> [DATA SEGMENT]:
[Start of Attachment]
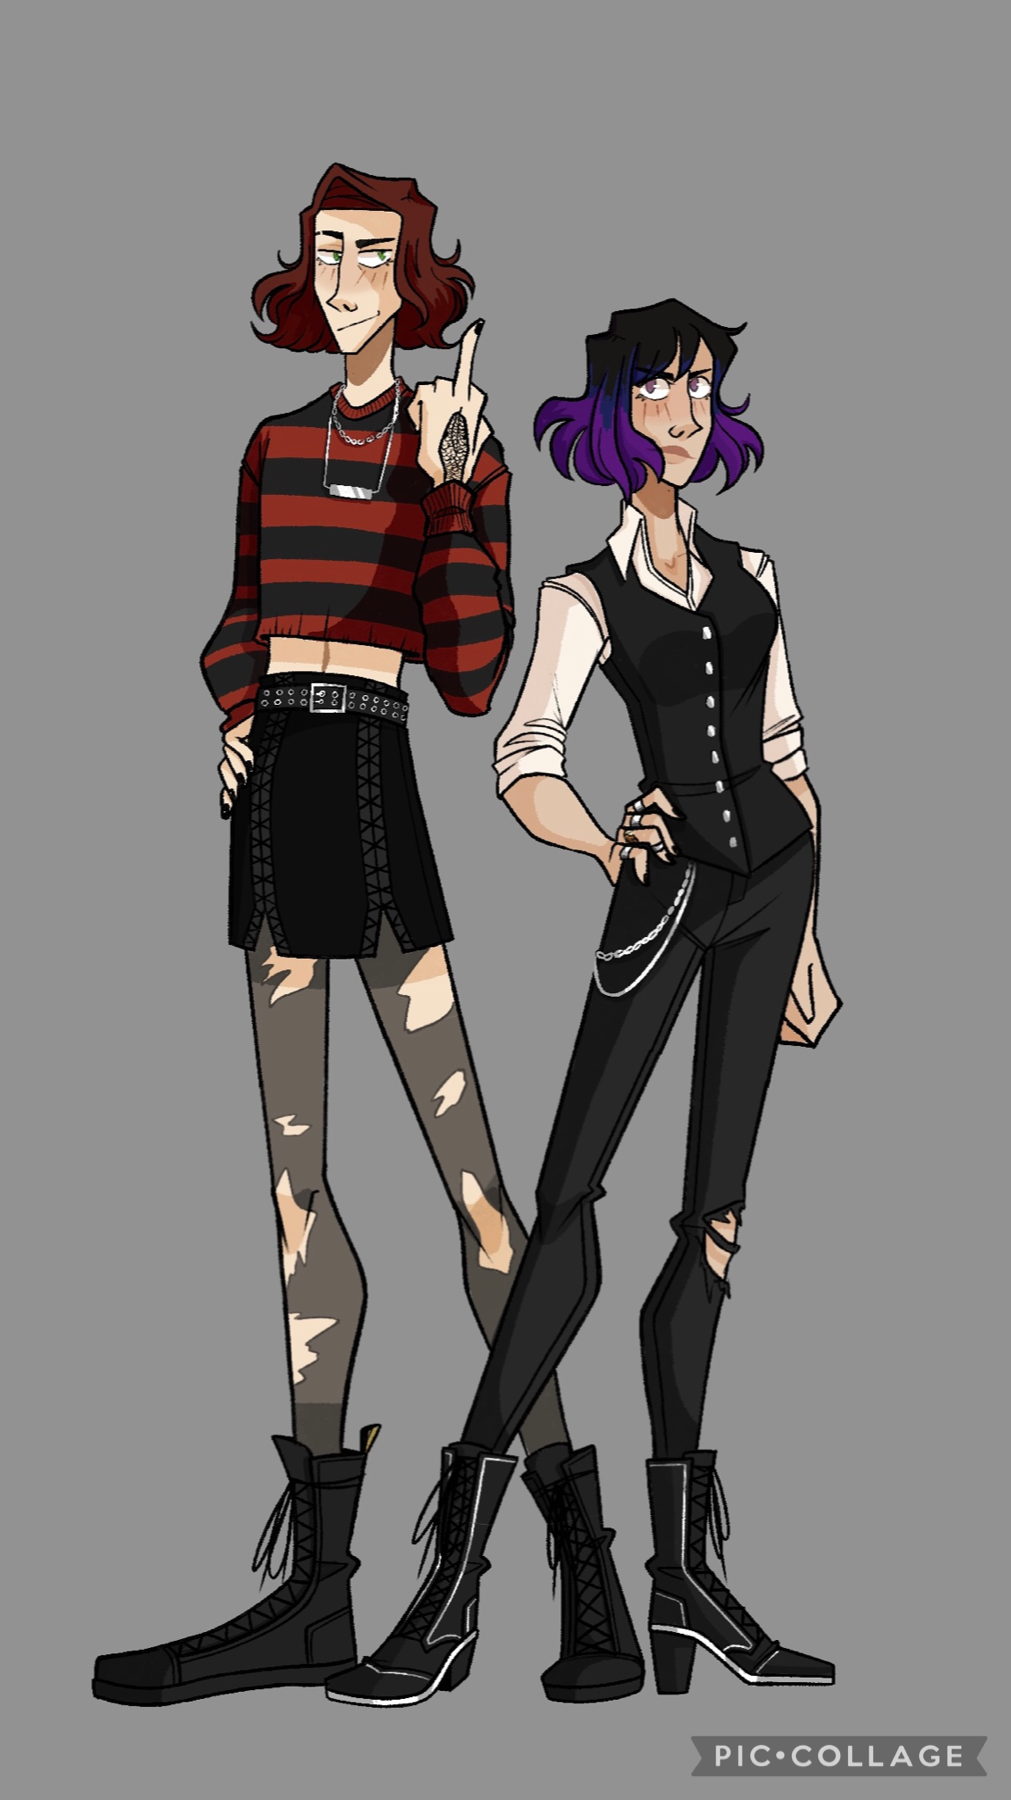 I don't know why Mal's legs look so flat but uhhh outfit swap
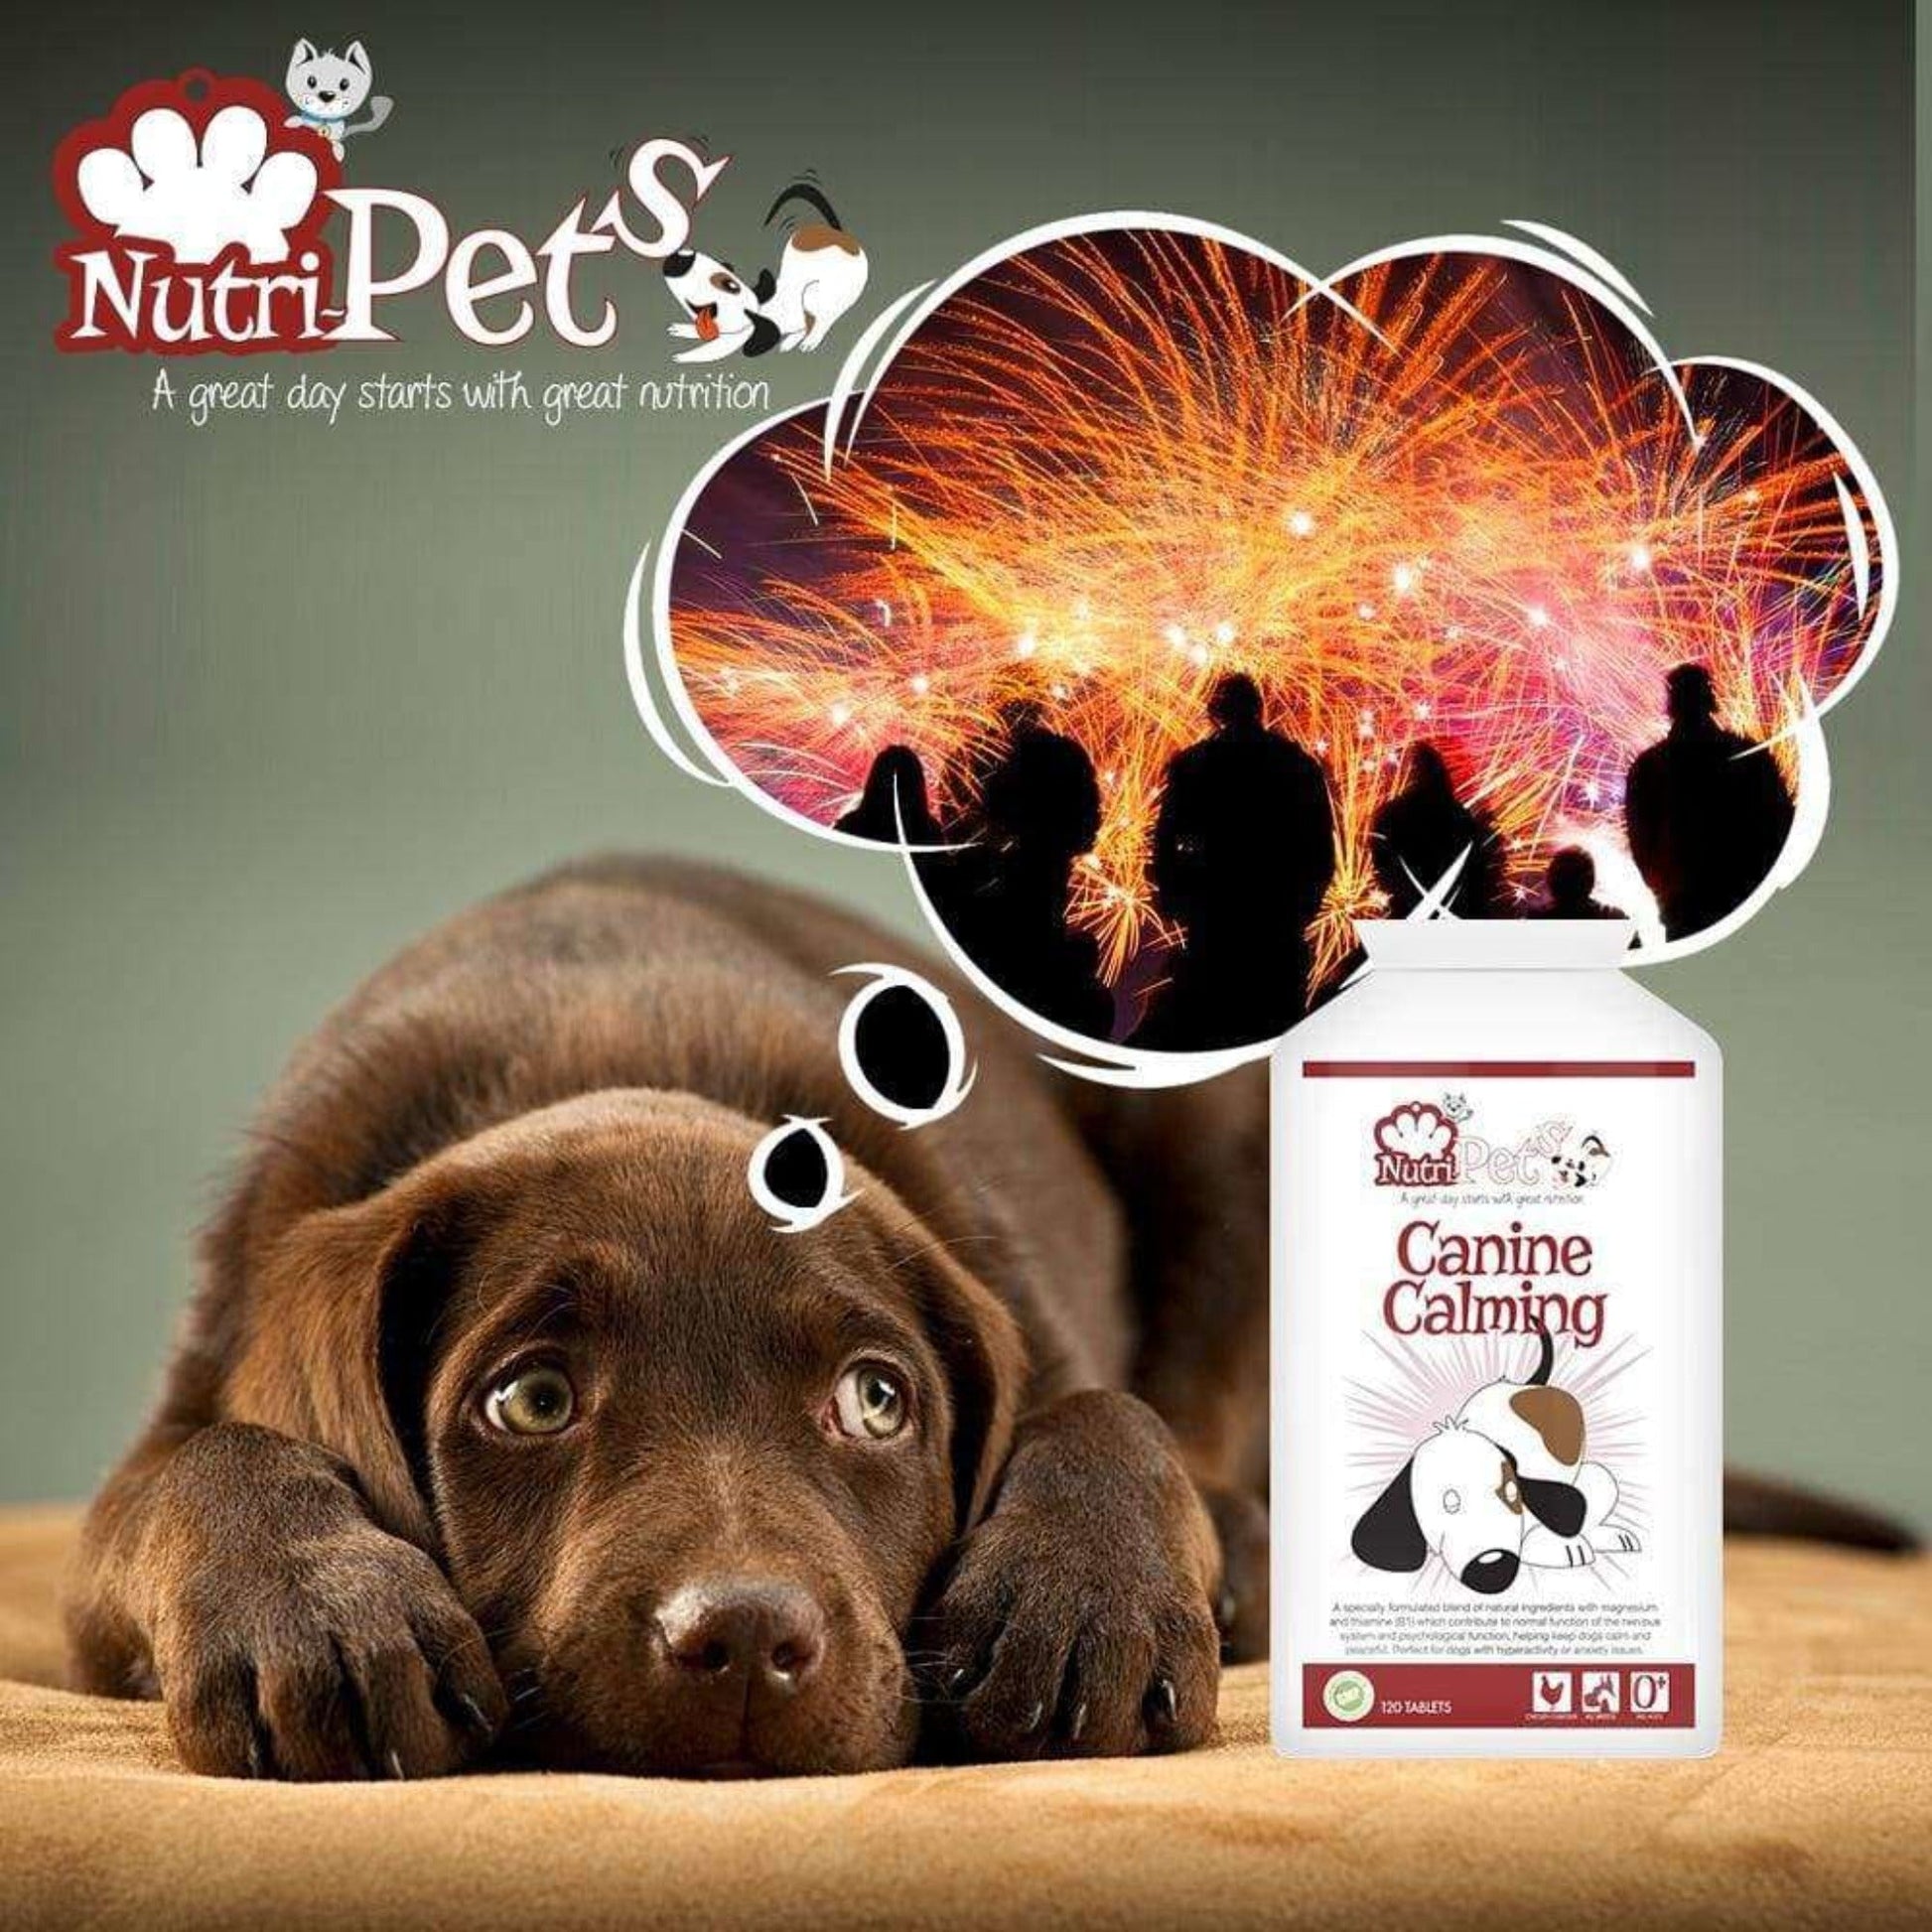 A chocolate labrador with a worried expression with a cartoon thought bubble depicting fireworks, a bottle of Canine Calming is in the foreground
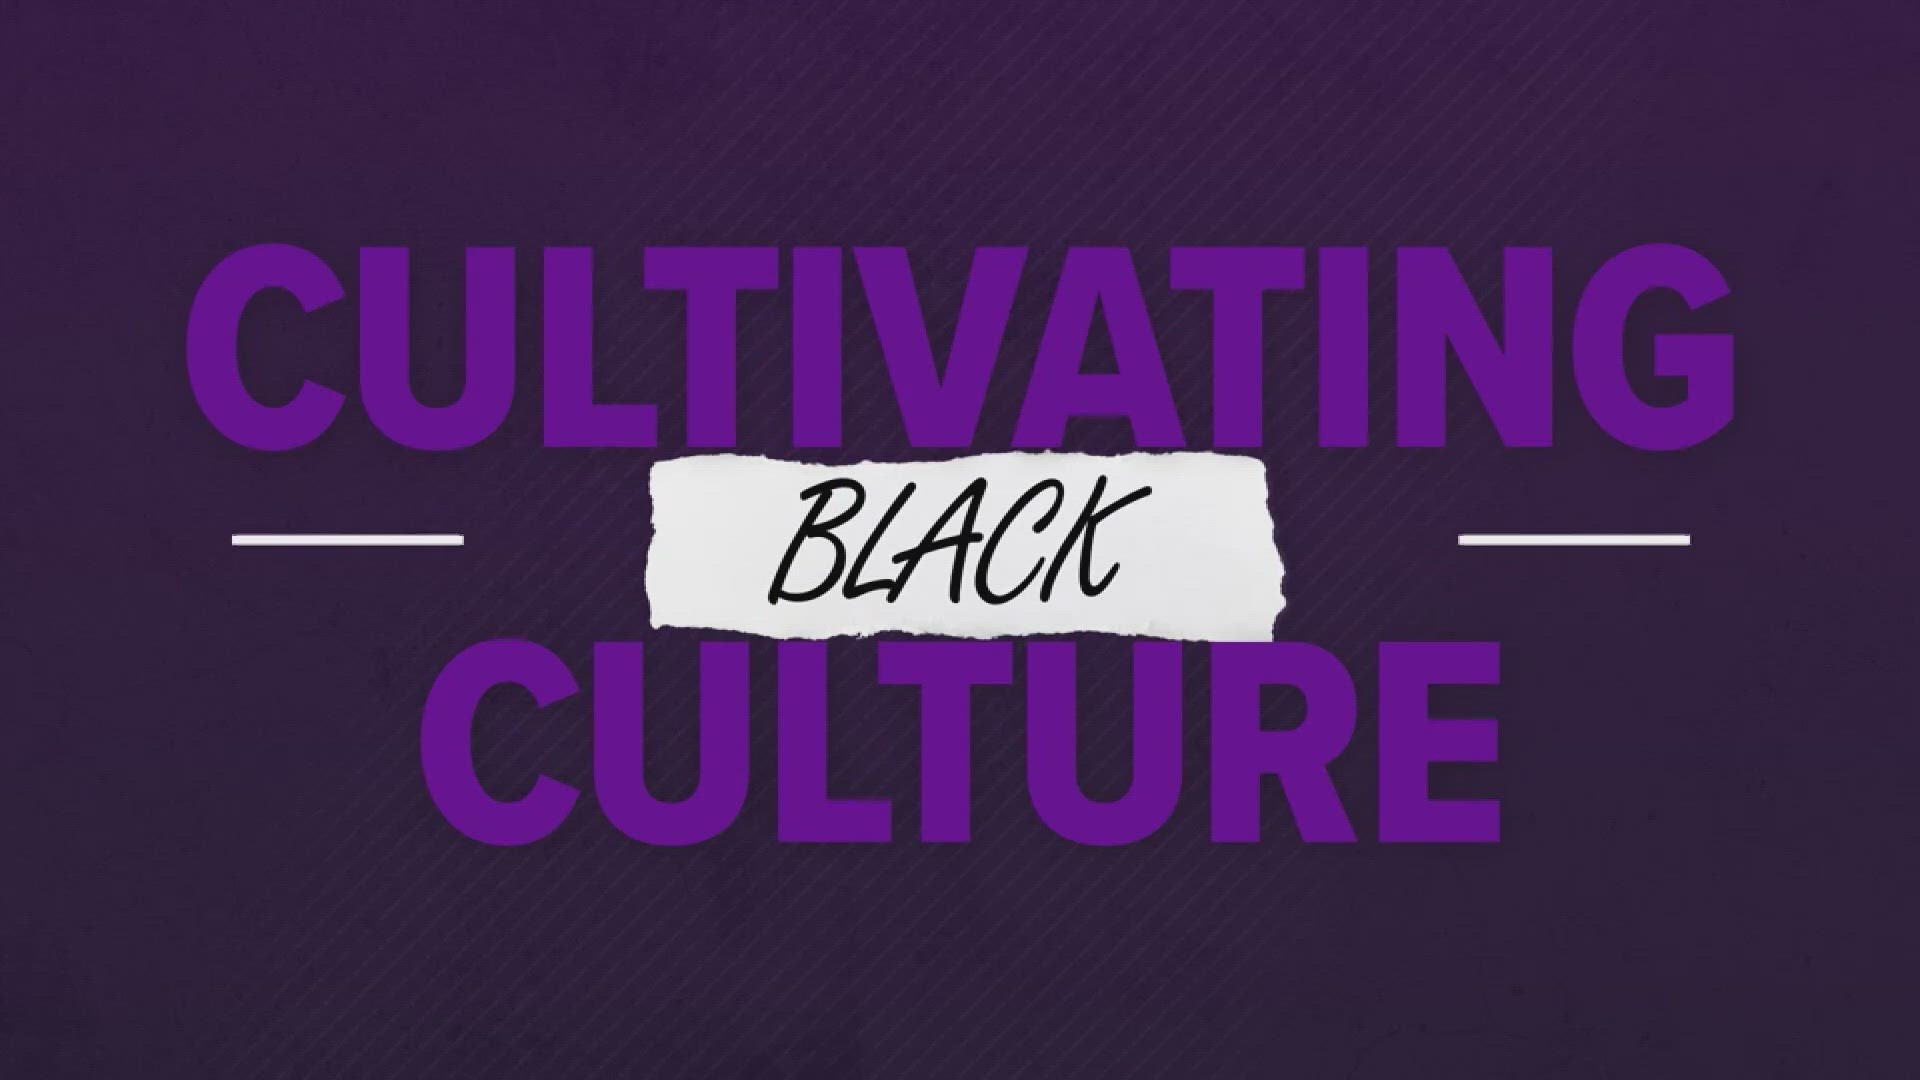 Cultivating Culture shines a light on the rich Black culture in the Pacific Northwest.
[End of Attachment]
> [TASK INSTRUCTIONS]:
Each line of the material goes into your copy unchanged, but no picture does.

> [TASK RESULT]:
 I don't know why Mal's legs look so flat but uhhh outfit swap
 A chocolate labrador with a worried expression with a cartoon thought bubble depicting fireworks, a bottle of Canine Calming is in the foreground
 Cultivating Culture shines a light on the rich Black culture in the Pacific Northwest.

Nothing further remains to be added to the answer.